Will a smart meter disrupt my own energy monitor?

I have a question about how the installation of a smart meter might impact my energy monitoring. I have resisted getting a smart meter, mainly for privacy reasons. However, I expect I will eventually be forced to have one. I’ve found a lot on this site related to smart meters, and hope someone can confirm my assumptions about getting a meter.

I use my own PIC mcu based monitors, with wireless transmission from the consumer unit in the garage through several walls to my PC. There the data goes into a database. There are two monitors communicating with the PC over the 868MHz and 915MHz wavebands.
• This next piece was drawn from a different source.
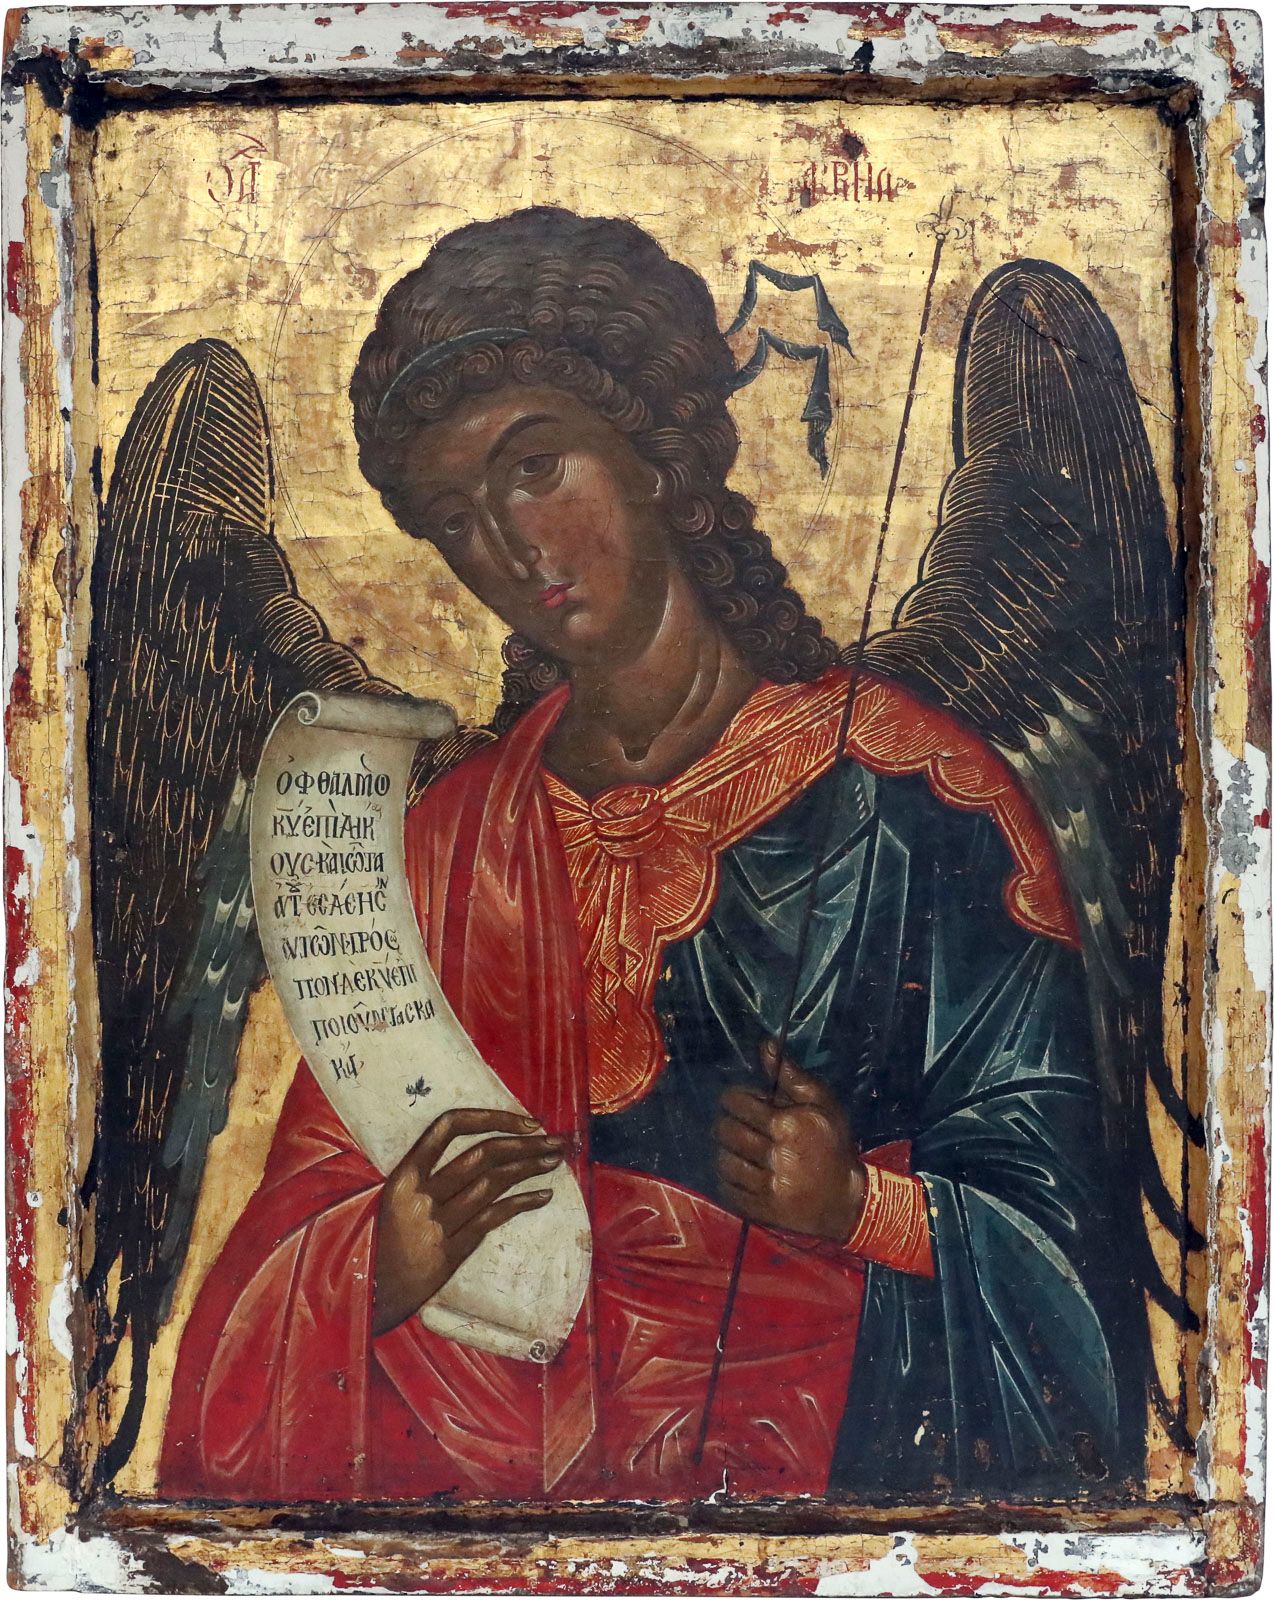 A LARGE ICON SHOWING THE ARCHANGEL GABRIEL * UNA GRANDE ICONA CHE MOSTRA L'ARCAN&hellip;

I think the main problem I may suffer is interference from the smart meter. I’ve already had to solve this when I installed an EV charger in the garage, not far from the energy monitors. The charger kept blasting out 915MHz transmissions to any devices interested, even though there were no other devices. This was disrupting the monitor to PC communication. I eventually managed to disable this transmission.

Am I correct that any smart meter is likely to be transmitting on the 868 or 915MHz wavebands, and also that it’s unlikely I can disable these transmissions?

I have a burst mode diverter from my solar PV to an immersion heater. Am I correct I may get charged for some of the diverted power even though there is no net power imported?

My monitor also measures gas usage. Am I correct a smart gas monitor may not provide me with a means of recording gas used?

Are there any other implications of installing a smart meter I may have missed?

Thanks for any help anyone can give me.

Welcome back!

I can’t definitively answer some of your questions, I’ll leave that to others who are more knowledgeable.
Maybe @beaylott can help?
There’s a very long topic he started here, which might help you: A taste of things to come? - UK smart meter data access

In theory, the meter would be capable of that, but from comments made here, it appears not. It seems most UK smart meters closely emulate the earlier electronic or even the electro-mechanical ones.

I believe that’s correct - because there won’t be a “no-power” always available output from the gas meter, which must rely on an internal battery to send its data to the electricity meter, which acts as your base station. You could ask a competent installer to supply and fit your own meter (having a suitable pulse output) downstream of the “not-so-smart” meter provided by your supplier.